Mrs Museveni is known in particular for her association with Rick Warren, although Warren has tried to downplay this now that Uganda’s anti-gay hysteria has received international attention (Warren has an unfortunate habit of being linked to African presidents accused of running death squads).

Also curious is a quote in the Atlantic from Dave Racer, who lobbied for Waldron’s release in 2006; he now seems strangely ambivalent about the affair:

Dave Racer, who worked to free Waldron in 2006, said Wednesday that he was uncertain as to the veracity of the allegations against him or the counter-claims. At the time, there was, as he understood it, “an allegation that Peter was involved in gun-running, I believe he was accused perhaps of fomenting some uprising against [Ugandan] President Museveni.”

But, he said, “It’s not possible from here to know what was fact. There’s just no way to know. From here, it looked like he was a victim of political persecution.”

The passage of the years has made him even less certain. “I have no knowledge of what really happened,” he said, except that the detention “was very hard on him.”

Waldron’s 2009 television interview also discussed his political activism: he had recently been in Alaska to work on the state marriage amendment, and after working on Gary Bauer’s presidential campaign in 2000 he had gone on to work for John McCain. He had also written for the Washington Times on the “war against women”, reporting on Taliban-run Afghanistan, forced abortion in China, and dowry-related killing in India. The link to the Times is of some interest: in 2006 I noted that his Africa Dispatch newsletter was produced in Washington by Bob Selle, who himself worked for the Unification Church’s World and I magazine and for Rev. Moon’s then-named Family Federation for World Peace and Unification.

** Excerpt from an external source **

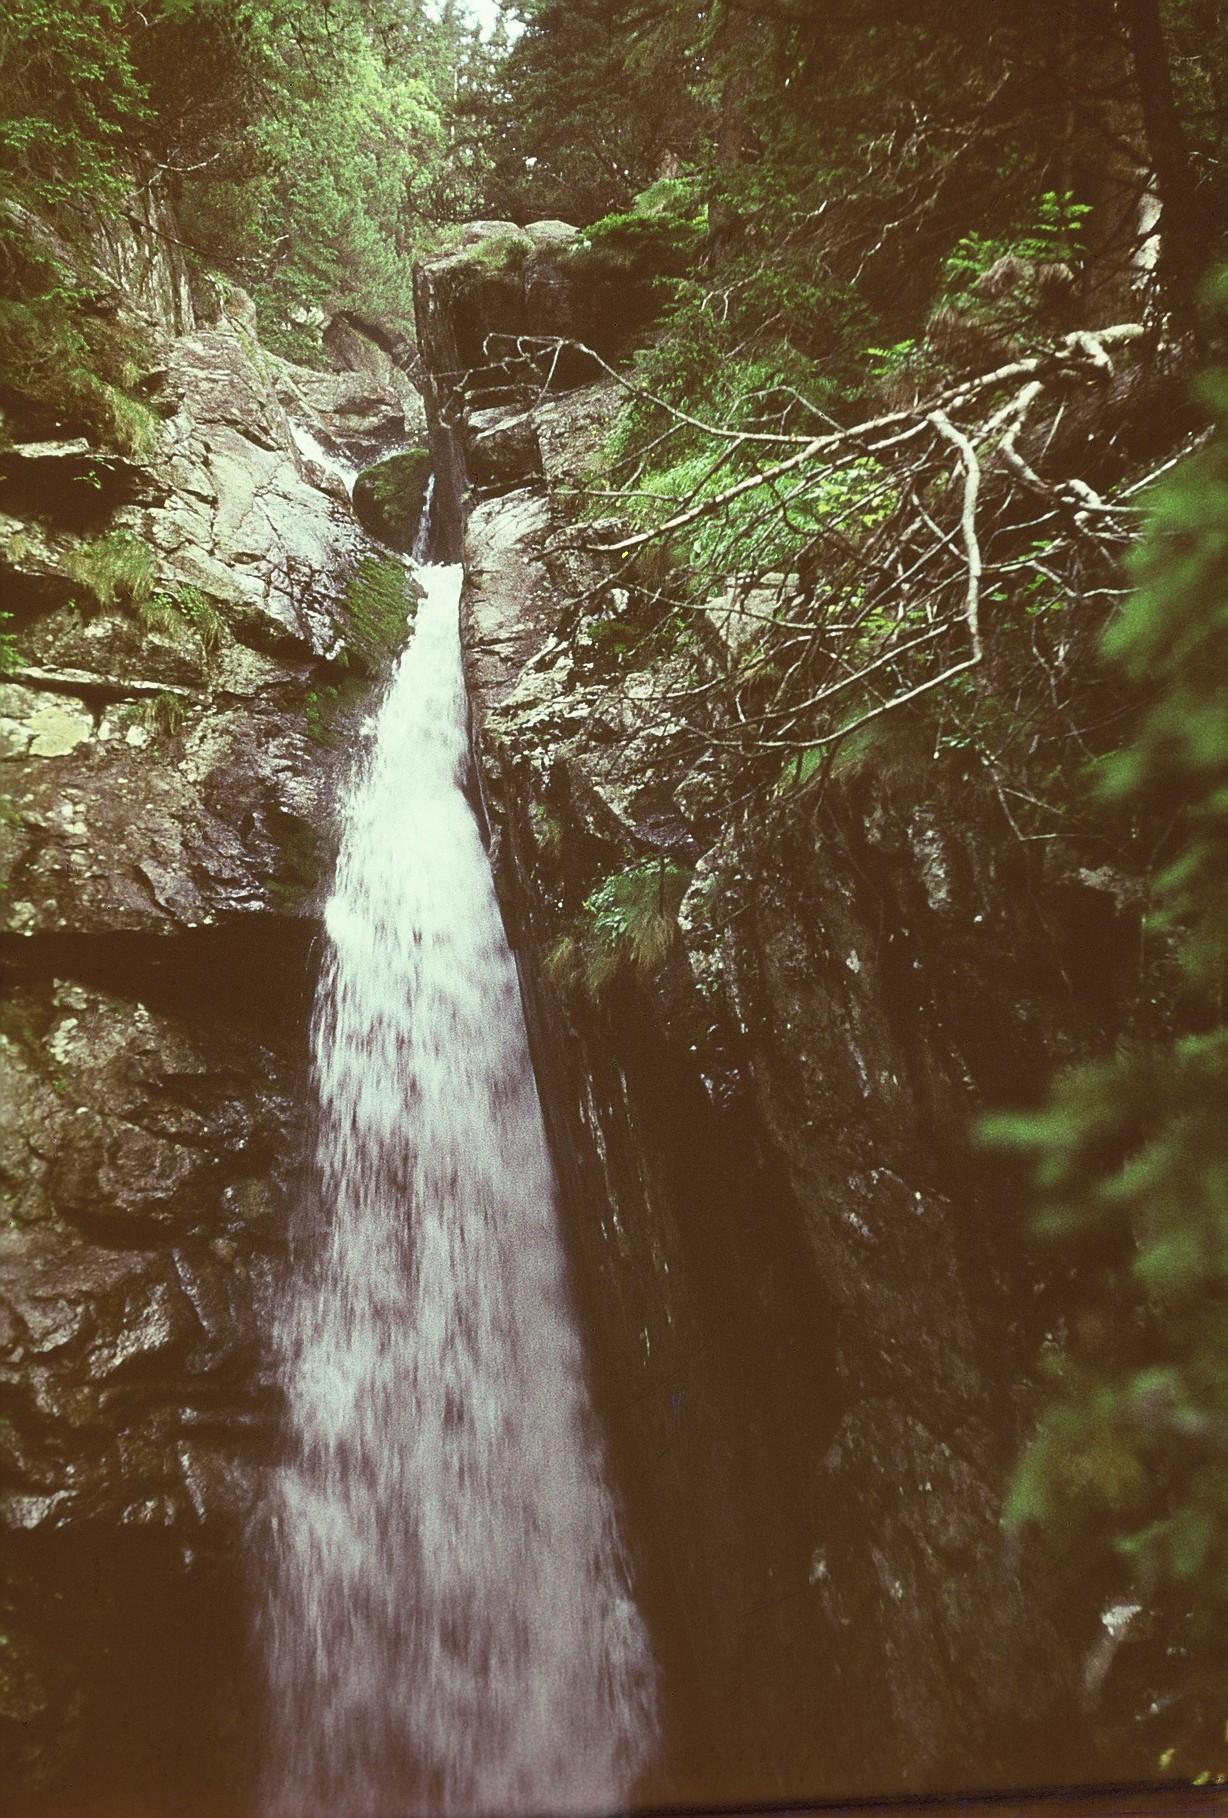 der Wasserfall wird am Rand überwunden

In my original blog piece, I looked at Waldron’s religious perspective and associations. His theology draws explicitly on Rousas Rushdoony and Christian Reconstructionism, and libertarian rhetoric is put at the service of a theocratic agenda:

Families reigned supreme on earth from Adam until Nimrod (Genesis 10:9) and the gathering of families at Babel (Genesis 11).  Until that time, families gave birth to clans and nations but there was no central government.  All the people and their families spoke the same language, (Genesis 11:6), and dwelt in their own lands (Genesis 10: 31).  God, the Creator, was recognized as the Supreme Ruler and Sovereign Lord over the earth.

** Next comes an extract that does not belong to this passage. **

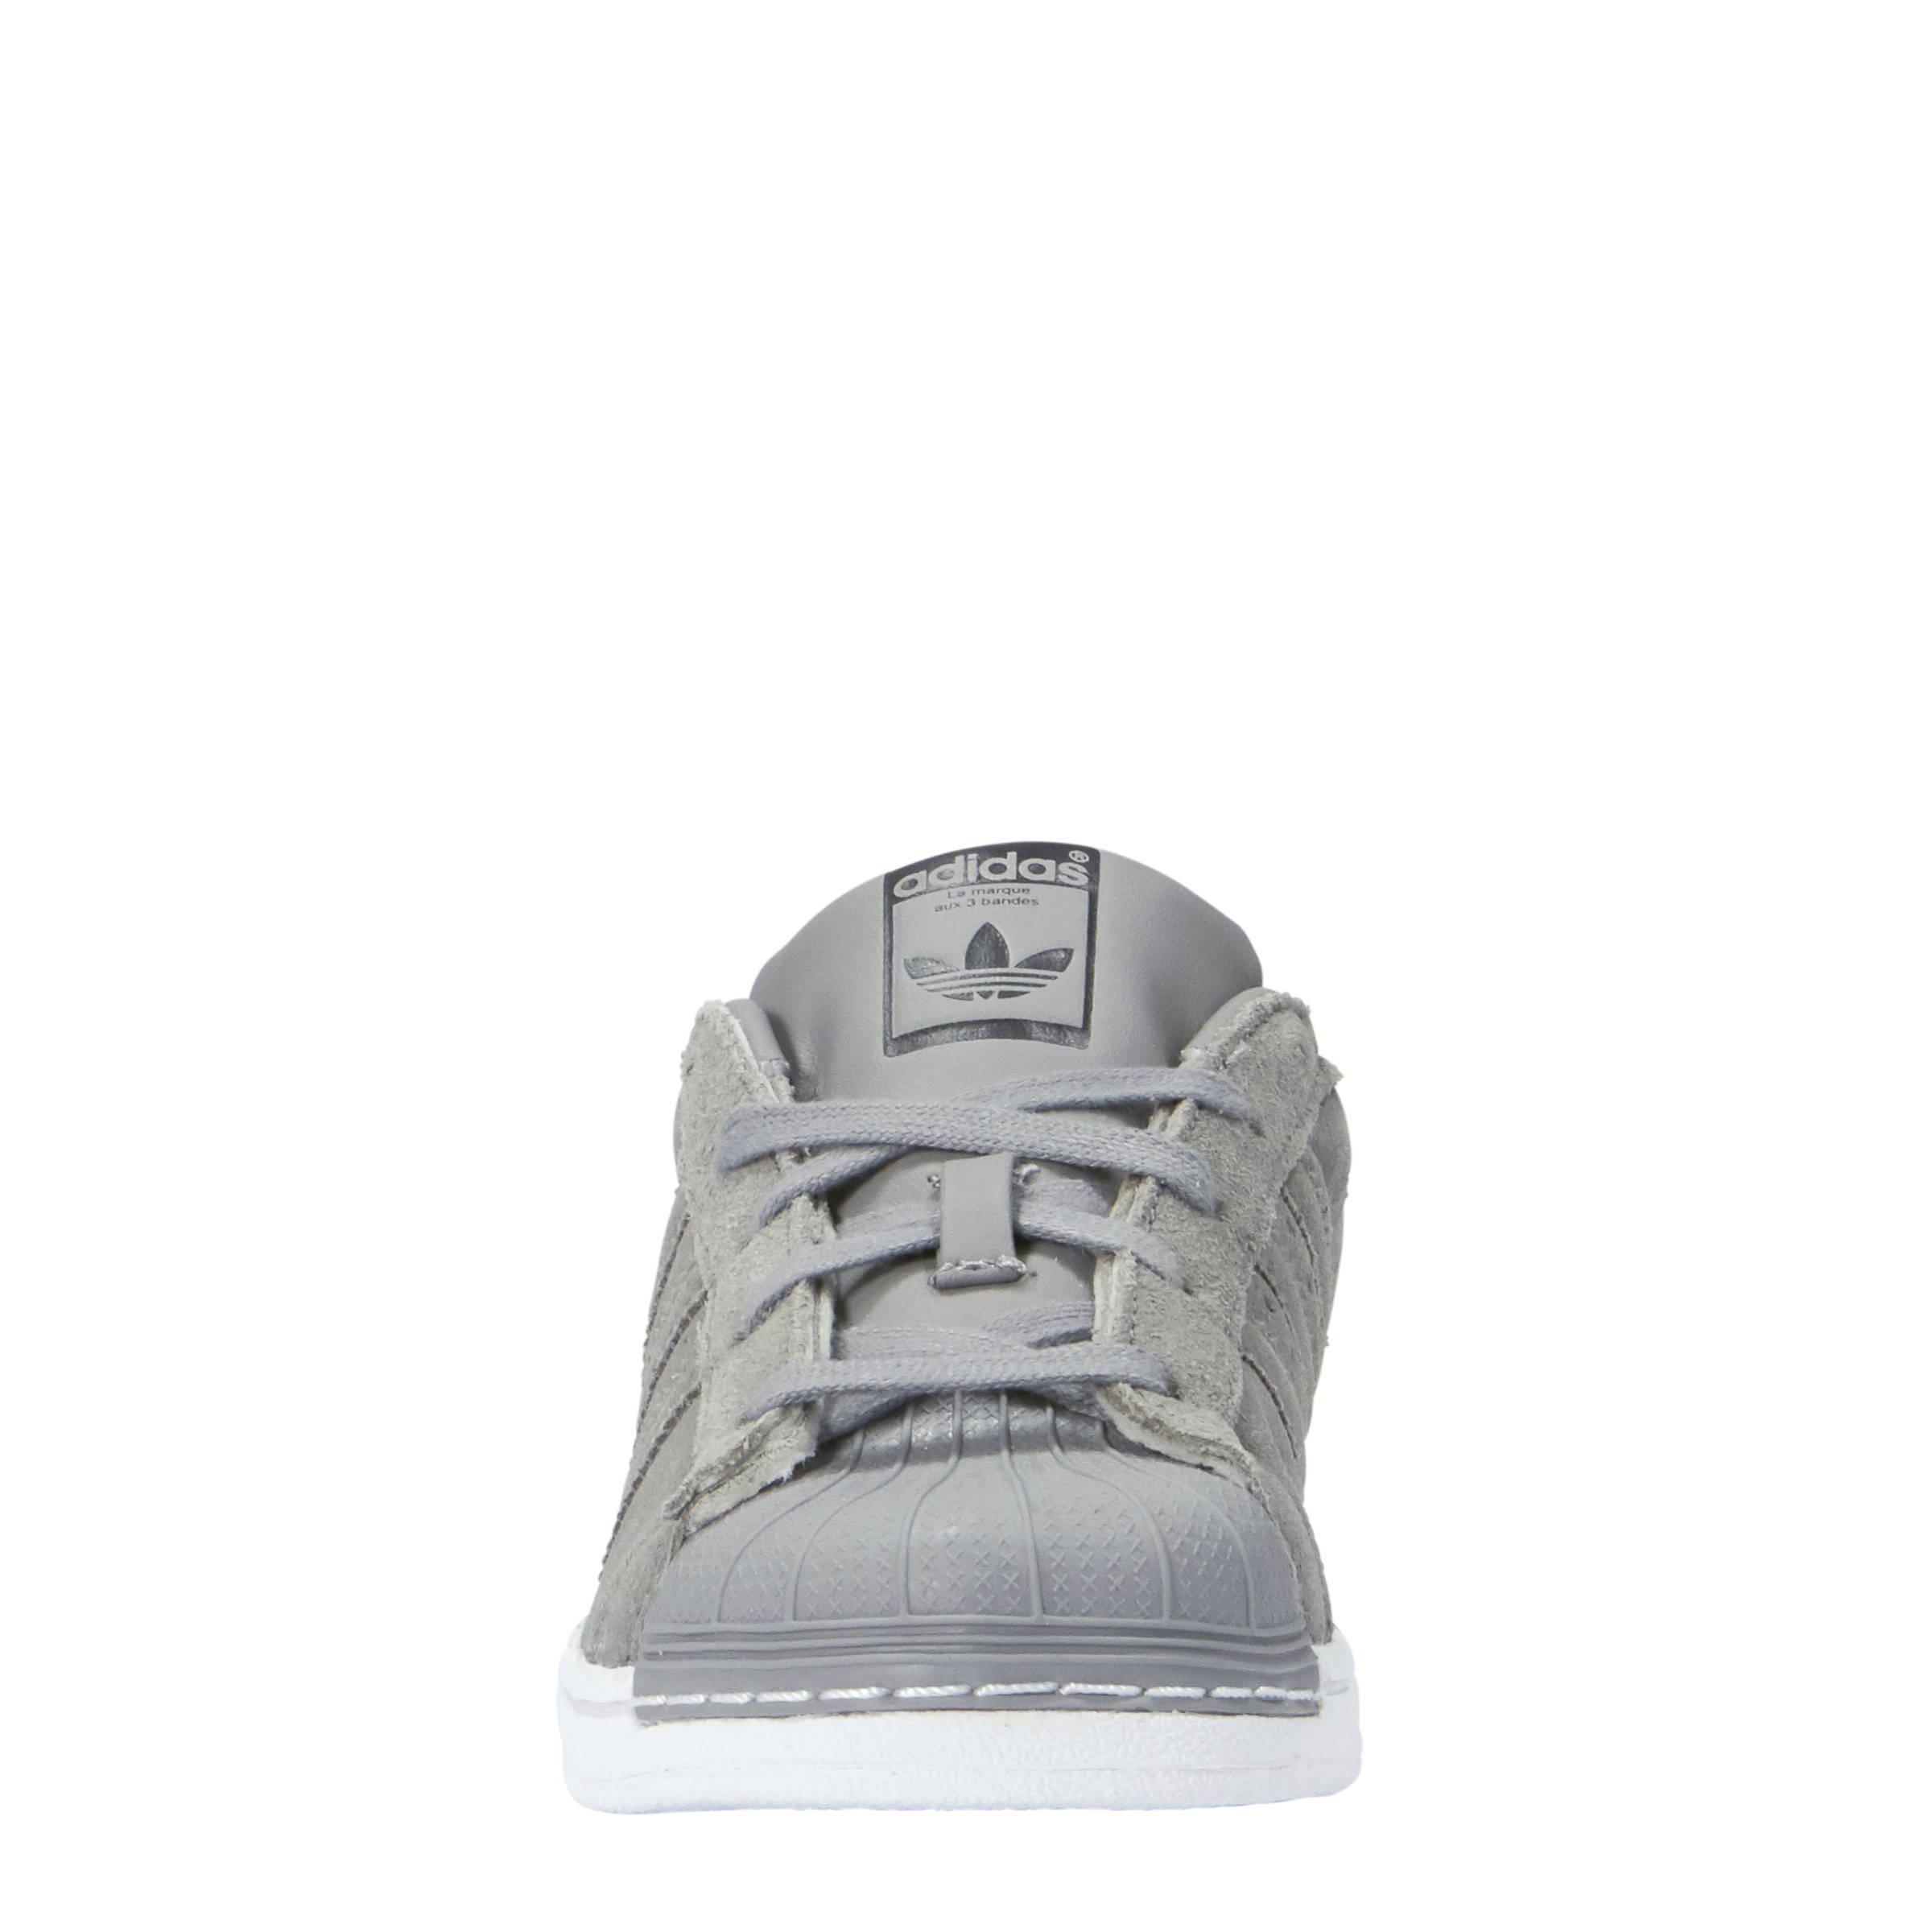   adidas SUPERSTAR EL C S76615 schoenen sneakers

This changed, however, when it was determined by those families and nations on earth to unite in an overt effort to rebel against the Lord’s prophetic command given to their forefathers, Adam (Genesis 1:28) and Noah (Genesis 9:1-17).

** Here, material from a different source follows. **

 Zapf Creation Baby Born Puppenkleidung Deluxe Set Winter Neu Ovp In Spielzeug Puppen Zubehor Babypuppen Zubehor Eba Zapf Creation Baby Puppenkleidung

… A totalitarian form of governance arises when the Word of God is compromised, ignored or denied.  A person will self-destruct from abuse of spirit, soul and body.  A nation will collapse under a “hard” or “soft” form of dictatorship, abuse of public or elected office, and a general denial of human freedom – life, liberty and the pursuit of happiness – arises. The source of one’s belief system dictates the conduct whether it be personal or national.   The same goes for the end result.

The Bible represents the absolute source for the guiding principles and precepts for all governments in man (self-government), of families (family government), churches (church government), and for nations (civil government).

…Laws and statues are added by local, state, and federal state governments to control human behavior that is contrary to the Word of God.  One wishes that it were not so but man rebels against God’s authority hence civil governments must construct laws to protect the civil society as a whole.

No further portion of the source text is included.